• **Data segment**:
● ● ●
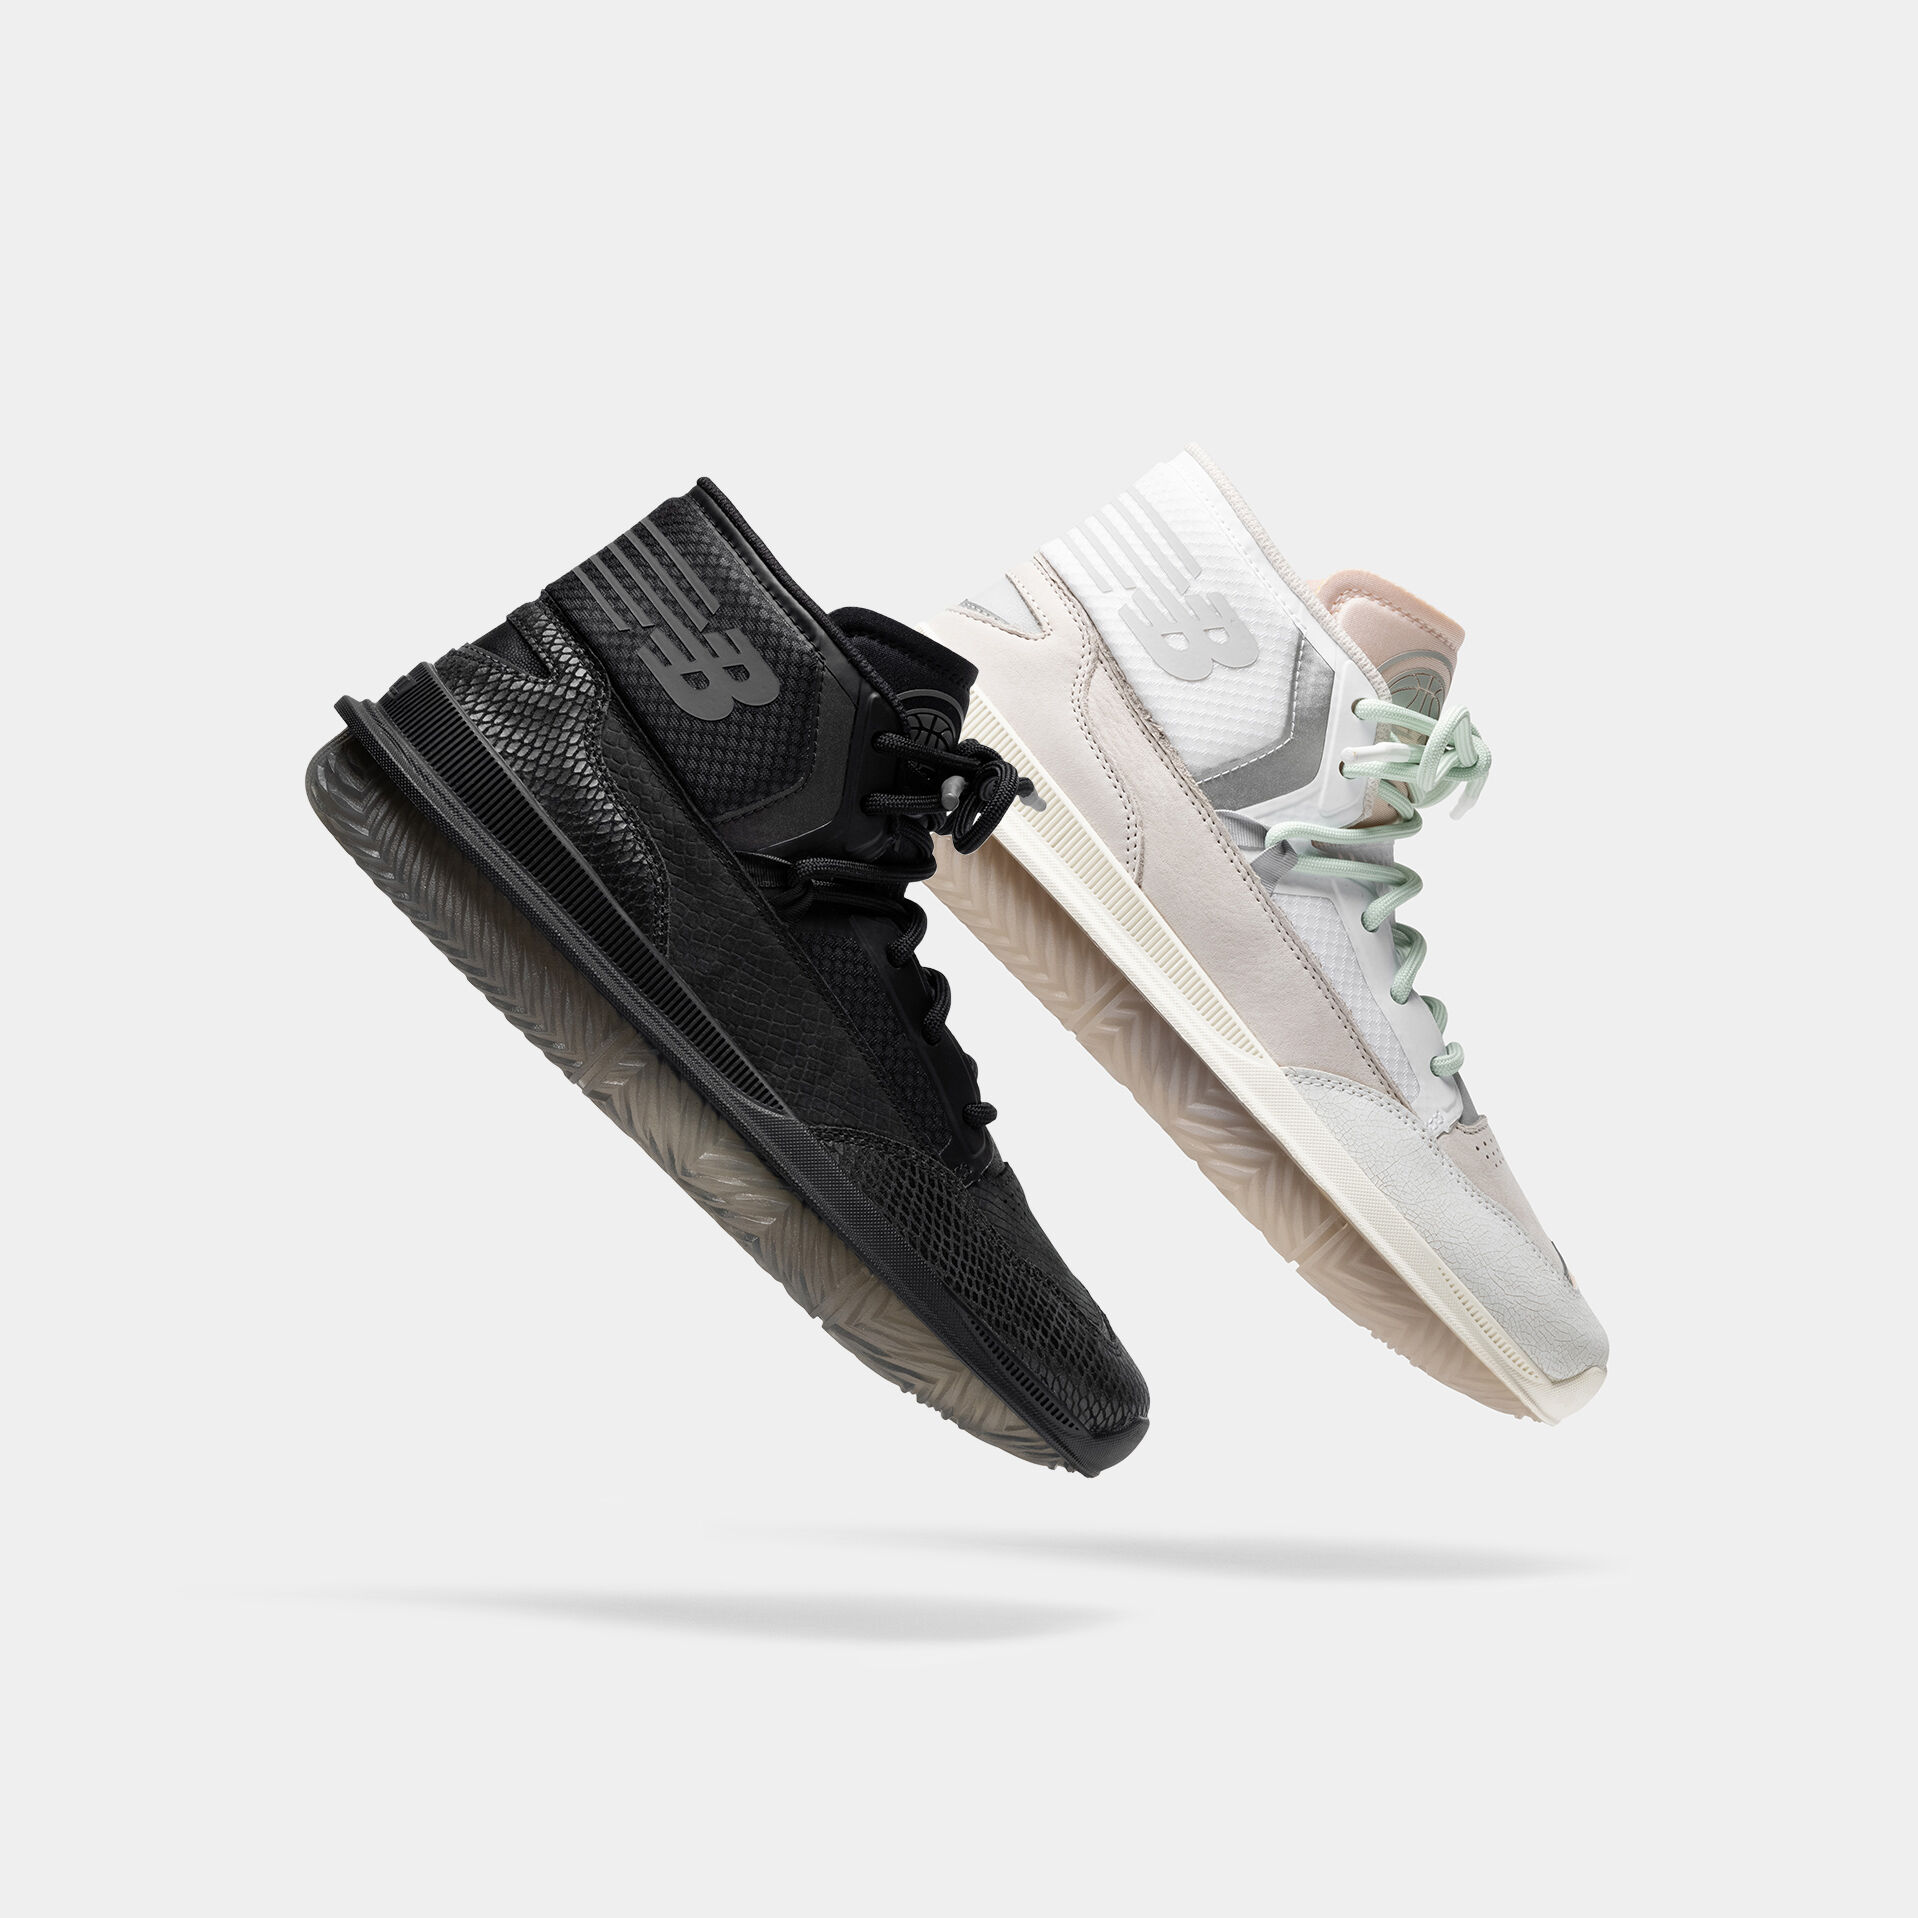 Basketball Sneakers & Apparel - New Balance
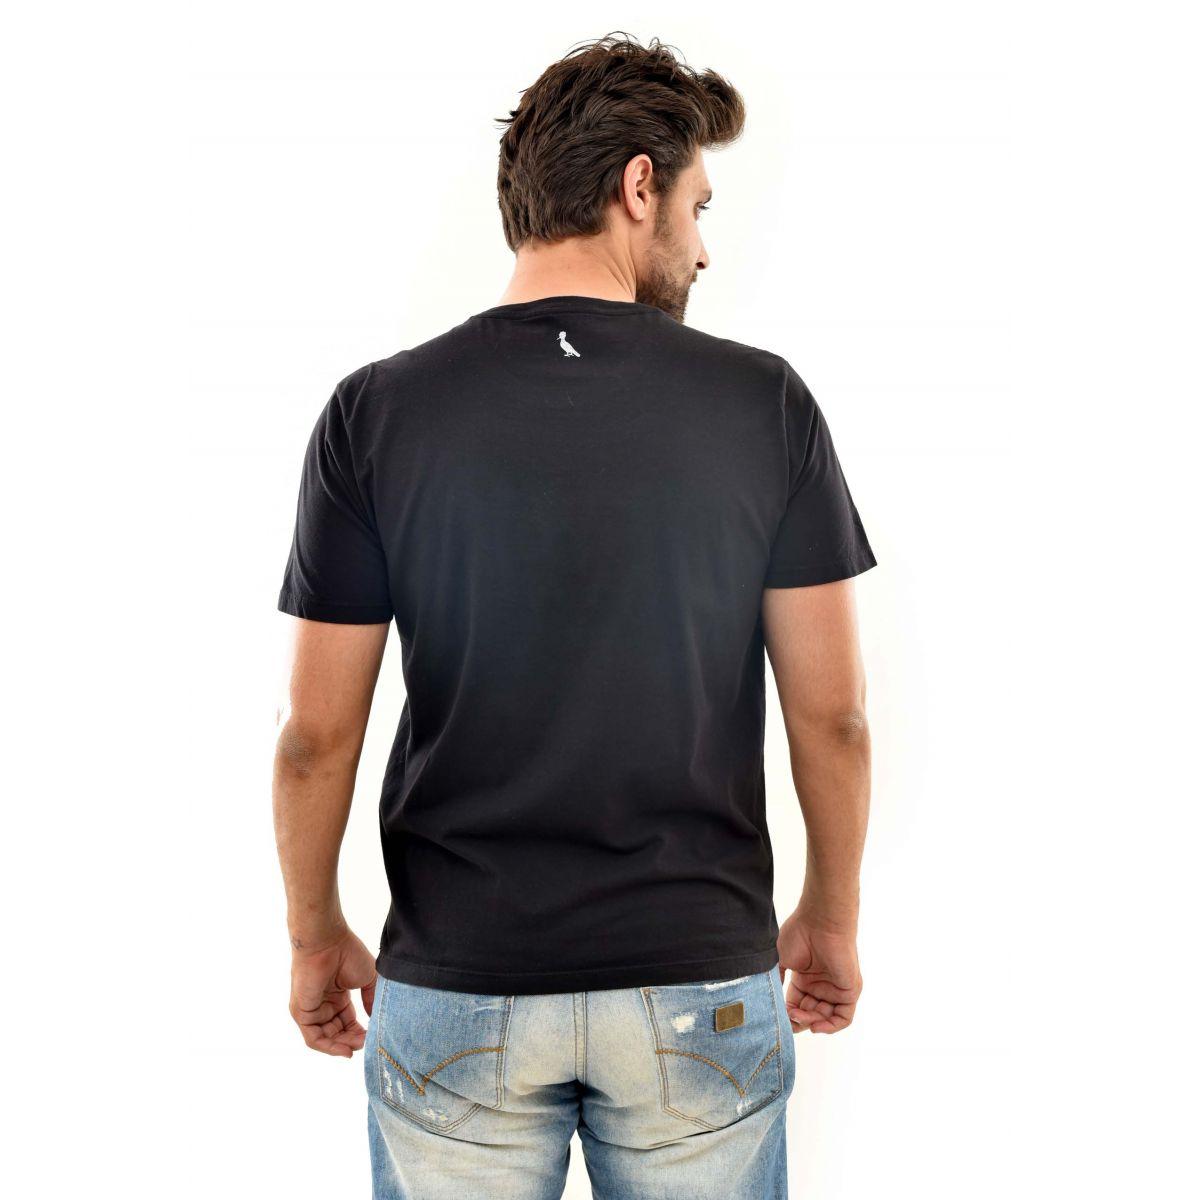 Camiseta Reserva Hindu Preta  - Ca Brasileira
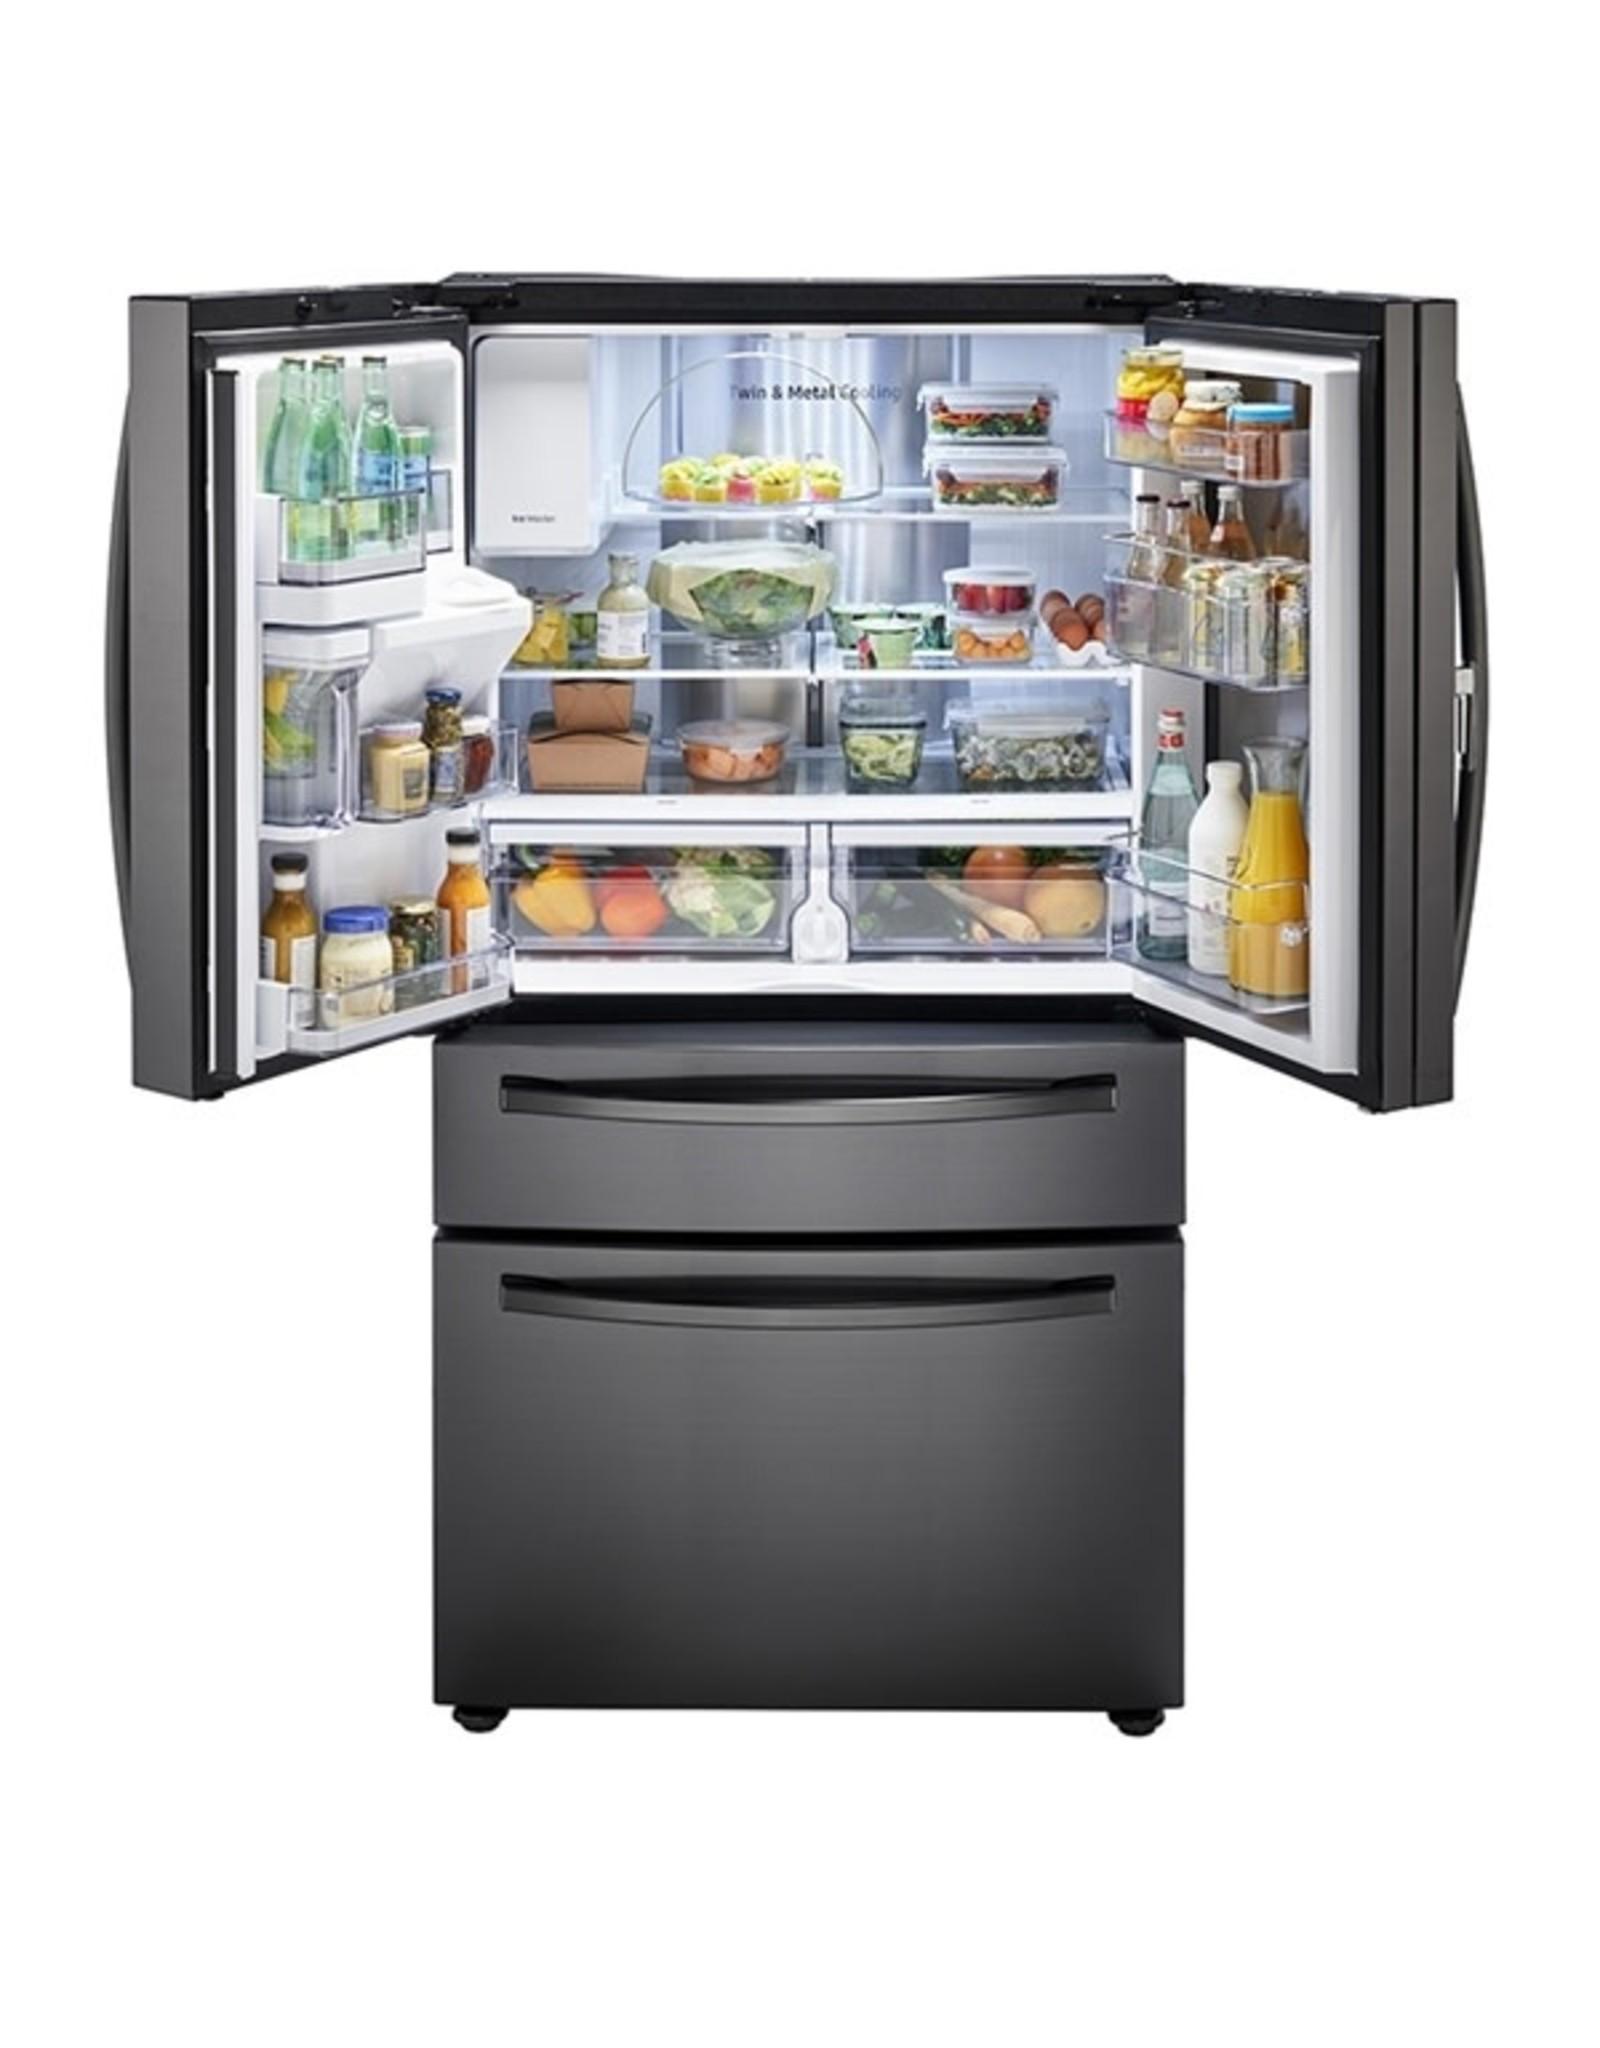 SAMSUNG customer return RF28R7351SG Samsung food showcase 28 cu.ft 4- D French-D refrigerator with ice maker
● ● ●
• **Task description**:
Could each line of the data be written out exactly, with no pictures included?

• **Task answer**:
 Basketball Sneakers & Apparel - New Balance
 Camiseta Reserva Hindu Preta  - Ca Brasileira
 SAMSUNG customer return RF28R7351SG Samsung food showcase 28 cu.ft 4- D French-D refrigerator with ice maker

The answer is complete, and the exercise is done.